Август 1941 года. Разрушенная церковь Покрова Божией Матери в Елабуге. На руинах - двое. Марина Цветаева и мальчик-подросток, будущий писатель и поэт Станислав Романовский. Они еще не знают друг друга. Марина рассматривает чудом сохранившиеся фрески. На одной из них Св. Николай Мирликийский удерживает руку палача, занесшего над осужденными свой меч.
Стасик, (перехватив взгляд Марины): Он спасет их, этот святой... Ведь они ни в чем не виноваты!
Марина: А если виноваты?
Стасик: Все равно спасет. Он же - добрый.
Марина: Это Николай Чудотворец. Ты знаешь такого святого?
Стасик: Знаю, мне мама рассказывала.
Марина: Ты молись ему. Всегда надо молиться. Ты - за меня, я - за тебя. Так и спасемся вместе. Тебя как зовут?
Стасик (важно): Стас Романовский. Я из эвакуированных.
Марина: Я тоже из эвакуированных. Мы здесь с сыном. Он постарше тебя. Его Георгием зовут.
Стасик: А вы чем занимаетесь?
Марина: Я - поэт.
Стасик: Поэт... А я думал - поэты другие...
Марина (заинтересованно): Какие же?
Стасик: Ну, как Маяковский! Или как Пушкин. Или эта... Ну, на птицу которая похожа! На фотографии она еще с таким носом!! Как ее?
Марина: Анна Андреевна Ахматова. А что, не похожа я на поэта?
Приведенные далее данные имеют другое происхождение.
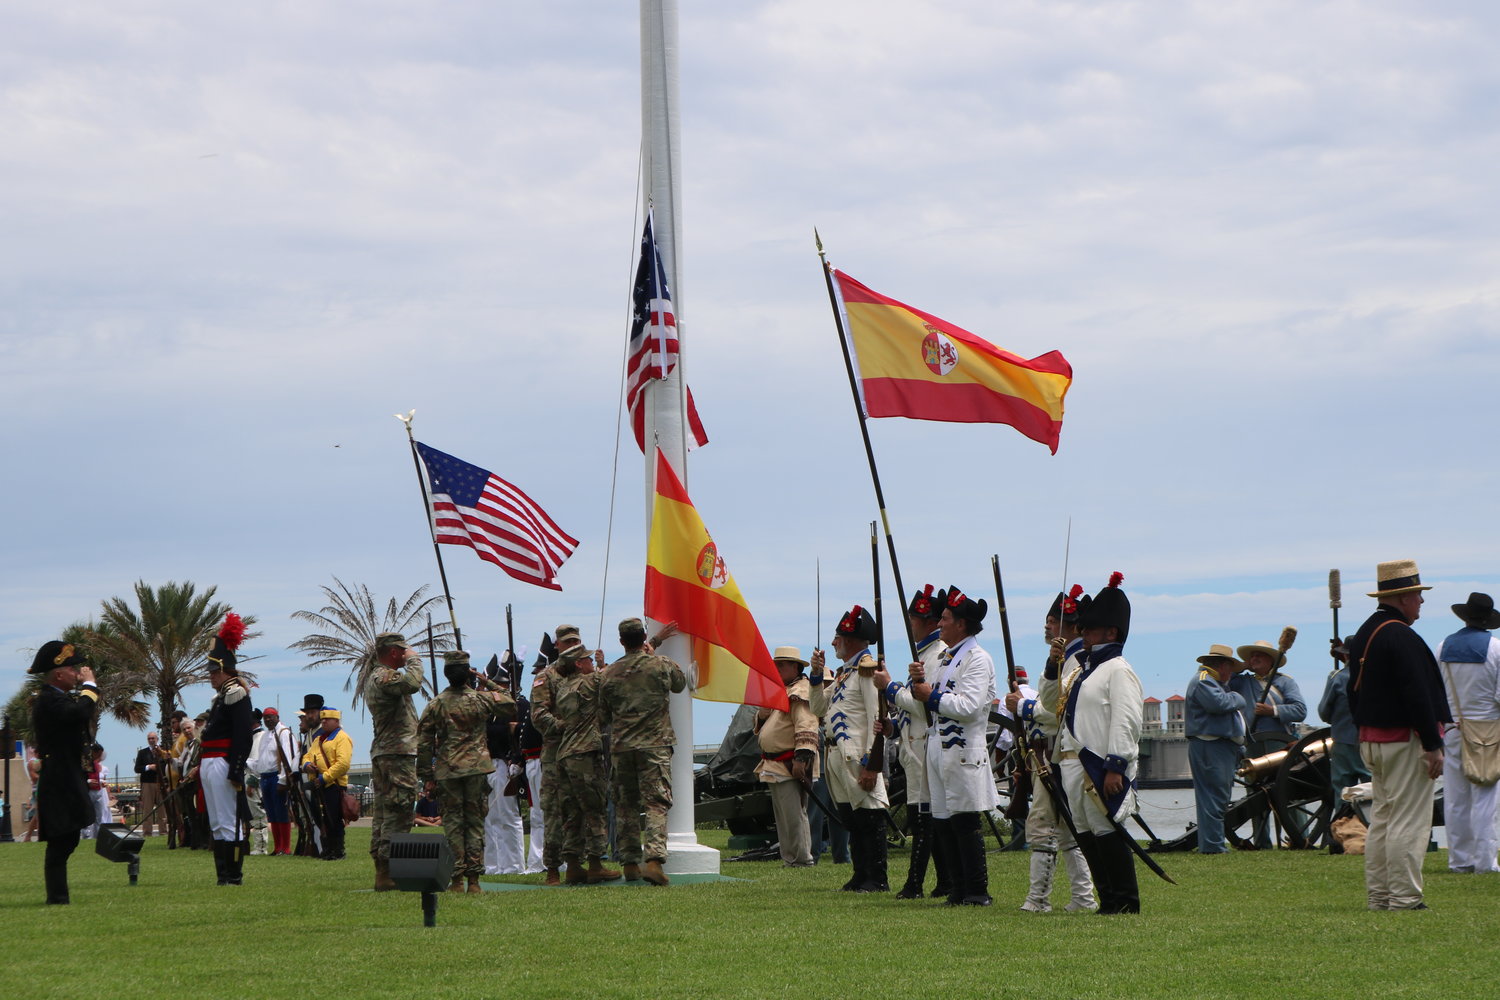 Members of the Florida National Guard lower the Spanish flag and raise the American flag to celebrate the 200th anniversary of Florida becoming a U.S. territory in St. Augustine on July 10.

Стасик: У поэтов лица такие... гордые, светлые! А вы... Какая-то вы несчастная.
Марина: Когда-то у меня тоже было гордое лицо. В другой жизни. В другом месте. В другом городе...
Стасик: Это в Москве что ли? А здесь где вы живете?
Марина: Тут рядом, у фонтана.
Стасик: А, у 'фонтала'? Местные его так называют! Там, где из ржавой трубы ржавая вода бьет, и женщины белье стирают?
Марина: Да. Теперь только такие фонтаны остались. Раньше другие были. Красивые...
Ни гремучего фонтана,
Ни горячих звезд...
На груди у Дон Жуана
Православный крест...
Крест... Значит, смерть ... Значит, пора...
Стасик: Это вы стихи читаете? Красивые... Как музыка... Это вы написали? Здорово!
Марина: Сама. Только очень давно. В другой жизни. А ты где живешь?
Стасик: На улице Ворошилова. Тут рядом.
Марина: И я на Ворошилова. Мы еще встретимся обязательно. У фонтана... Поговорим... До свидания, Стасик.
Стасик: А как вас зовут?
Марина: Марина Ивановна.
Стасик: А фамилия ваша как?
Марина: Зачем тебе?
Стасик: Может, я в библиотеке ваши стихи взять хочу...
Марина: Попробуй. Я - Цветаева...Только вряд ли ты здесь мои книжки найдешь.
Стасик: Ну, если не найду, вы-то сами мне про фонтан еще прочтете? Только не про тот, где ржавая труба и вода ржавая, а про настоящий, как во дворце, или в большом, красивом городе...
Марина: Обязательно прочитаю...
Стасик: Я буду ждать! (хочет уйти)
Марина (хватает его за руку): Постой!...Так, значит, спасет тех несчастных Николай Чудотворец?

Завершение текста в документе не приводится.